The camera trap network that we will use is part of the Scandcam network (website: viltkamera.nina.no). Scandcam is a long-term, year-round study established in 2010 by the Norwegian Institute for Nature Research to monitor recovering Eurasian lynx (Lynx lynx). Optimized for lynx detection, the cameras are placed in mostly forested habitats and areas that lynx use (e.g., wildlife trails, forest roads, and along the base of cliffs/boulders) (Angoh et al. 2023).
Below is a map of locations of Scandcam cameras (yellow points: n = 1181) in Norway and Sweden. Camera data for this tutorial is from three winters (January - March 2018, October 2018 - April 2019, October 2019 - April 2020). MODIS NDSI Snow Cover base map is from the same corresponding winters. It is a composite snow cover map created from mean MODIS NDSI snow cover values from the study period. The cameras spread a 10 degree latitudinal gradient (59 - 69 degrees North, and 8-16 degrees East), with no more than one camera per 2km2 area across a 350,000 km2 area. Seeing both the MODIS NDSI and camera trap locations together shows the large coverage of the cameras, and subsequently their ability to indicate snow presence versus absence in a variety of conditions.
figure citation: Breen et al. 2023
But, How do we get the snow information from the cameras?
When a camera trap takes a picture, it reports the time of day, the temperature, even the moon phase, but it does not automatically provide an indication of how much snow is in the image. It is up to the researcher to extract, or label, the image for the amount of snow.
To extract the binary snow information from the camera images to make custom satellite-based snow maps, we must label images for ‘snow’ or ‘no snow’. We will later compare these values to what the satellite reported, and determine what threshold the satellite agrees with the “snow” images for snow, and what values the satellite best agrees with the images for “no snow.” Below are two examples of images labeled for snow. The image on the left is labeled “no snow,” and the image on the right is labeled “snow.”

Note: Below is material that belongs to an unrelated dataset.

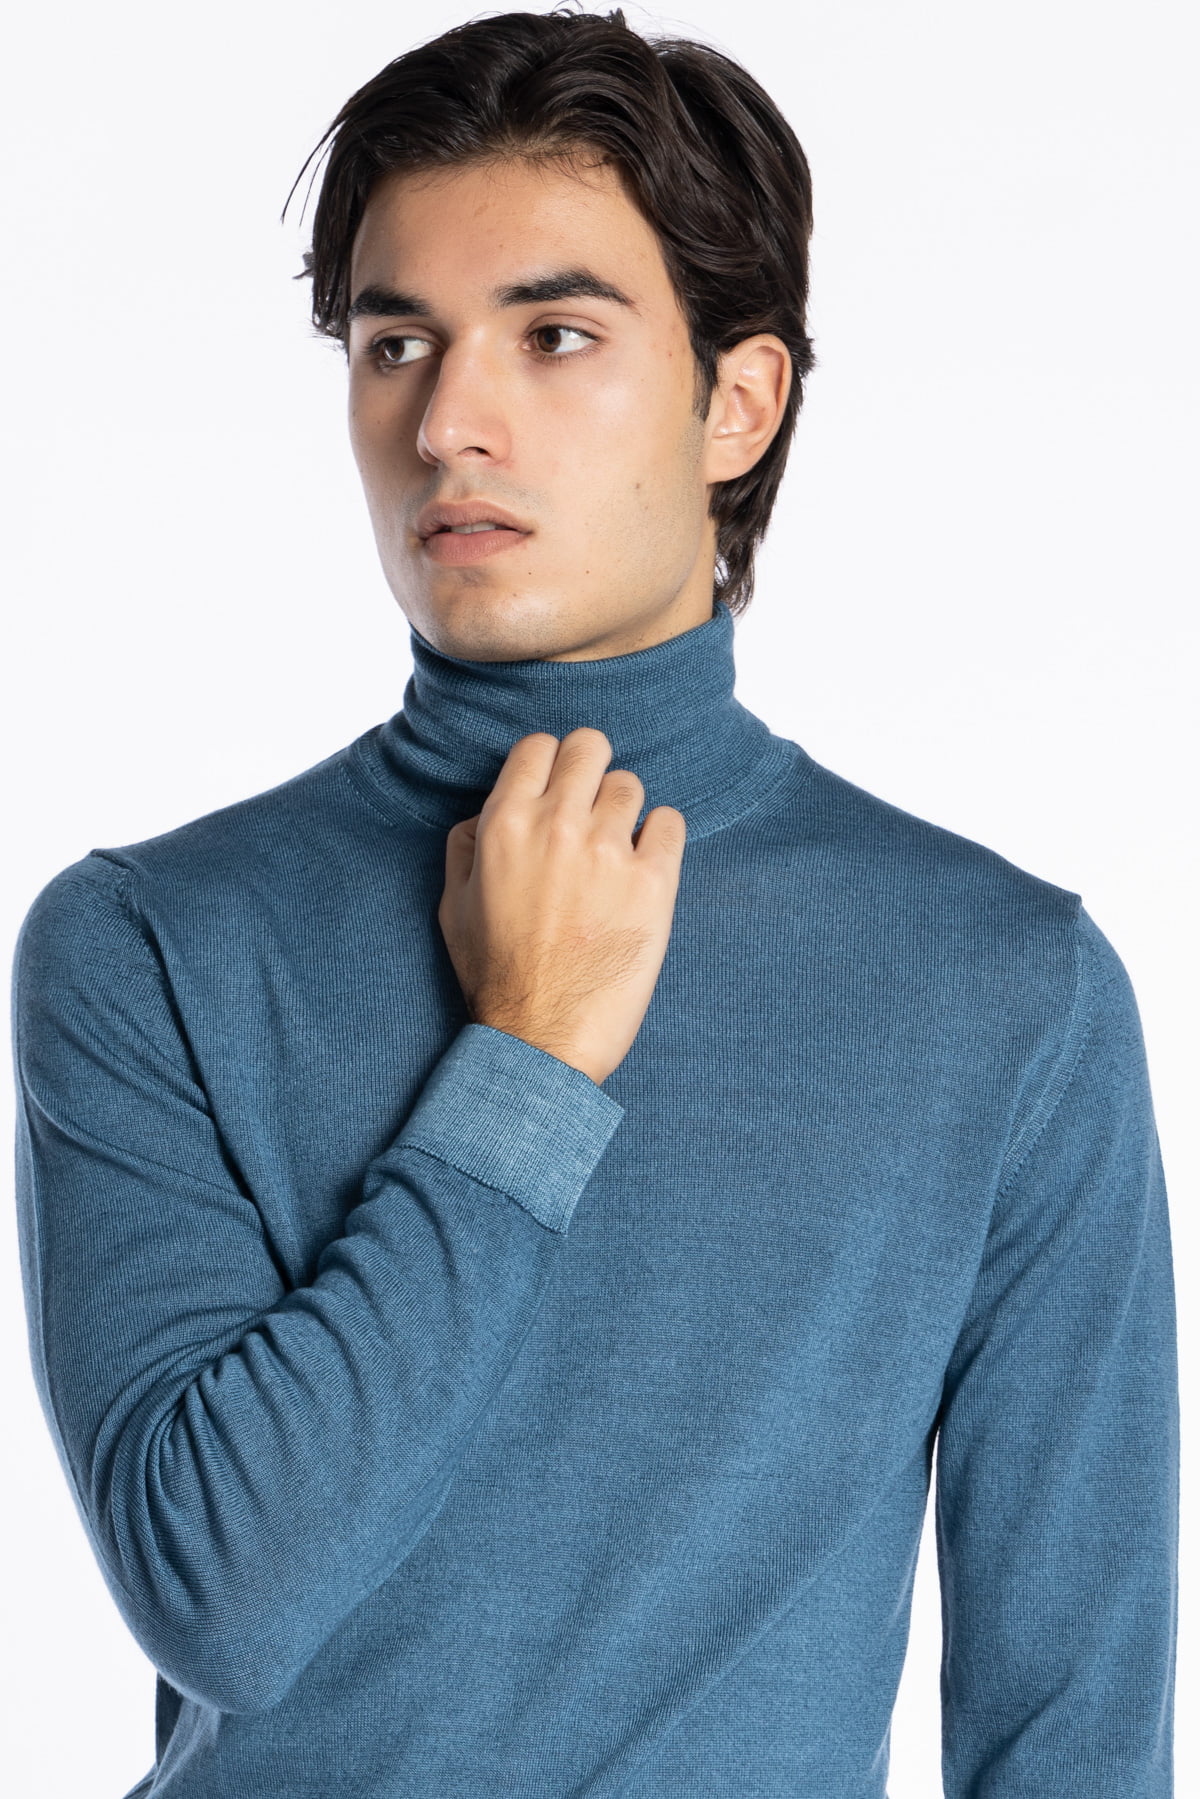 Maglione da uomo collo alto color ottanio lana merinos effetto stone wash maniche lunghe.

Of course, there are times when the snow is patchy, and it is hard to determine whether it is “snow” or “no snow.” Thus, there is some uncertainty when labelling images because labeling patchy snow is subjective. For our dataset, we labeled any image with approximately 25% snow or more as “snow.”

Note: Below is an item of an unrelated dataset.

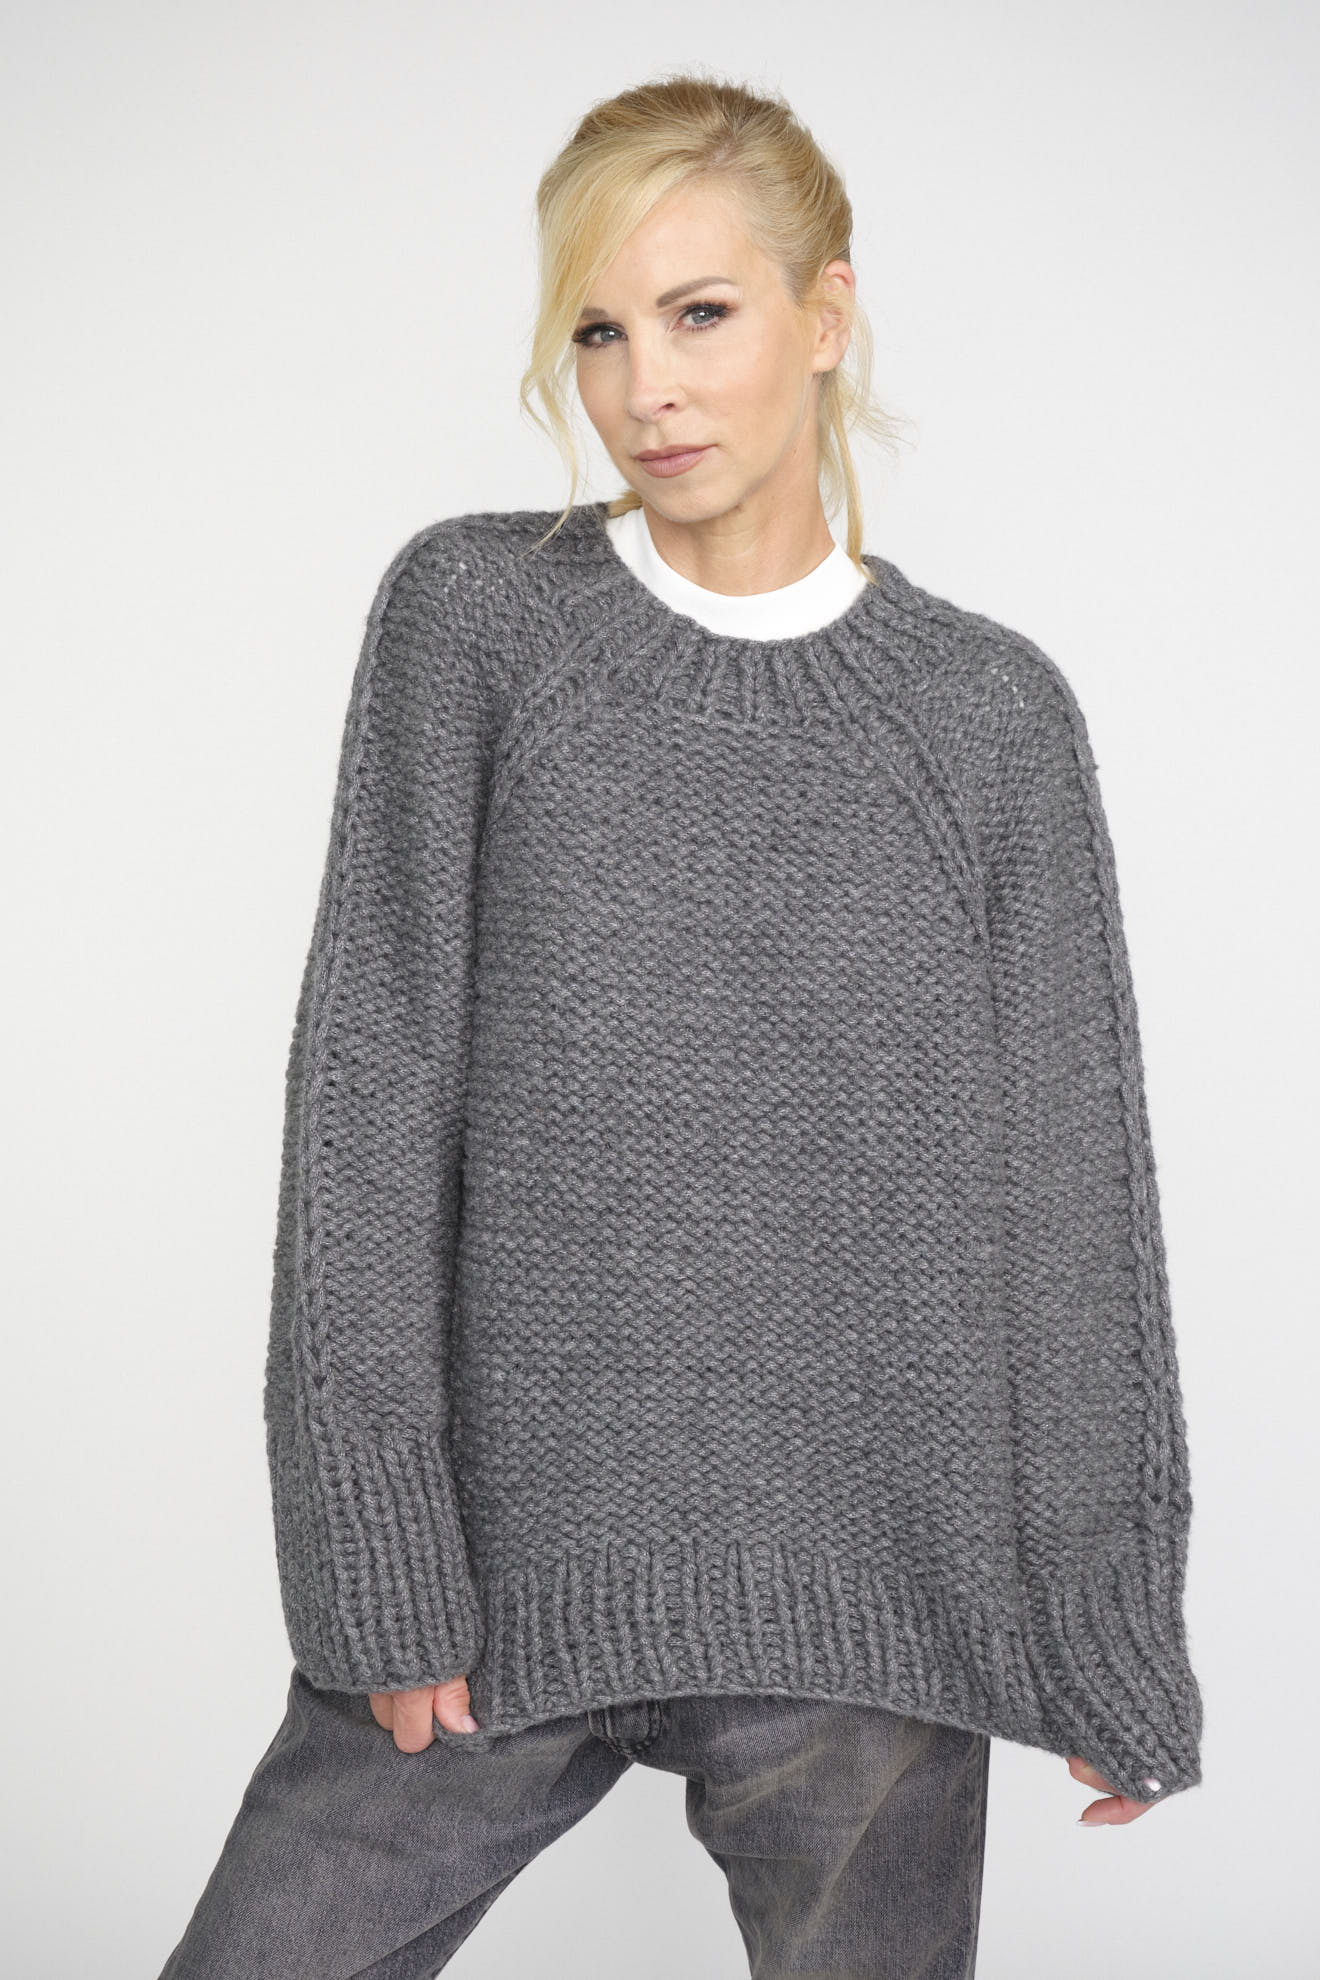 iris von arnim sweater grey plain cashmere

We have already labeled the dataset for you. In total, we labeled 8,918 images across 665 cameras. We labeled only 1 image per day, deferring to the “time-lapse” image, or the image that was taken at a set time every day. In this case 8AM. This way we ensured that there was consistency between when the satellite passed over the area and when the camera took the photo. Having one per day also allowed us to have a variety of snow conditions from different areas. Additionally, we only labelled daytime photos because snow is easier to see.
Satellite dataset#
Now that we have our camera images labeled for snow and no snow, we will now pull the satellite data. As a reminder, the satellite data reports snow on a scale of 0-100, and we are hoping to determine what NDSI value will best threshold the values for this region to snow or no snow.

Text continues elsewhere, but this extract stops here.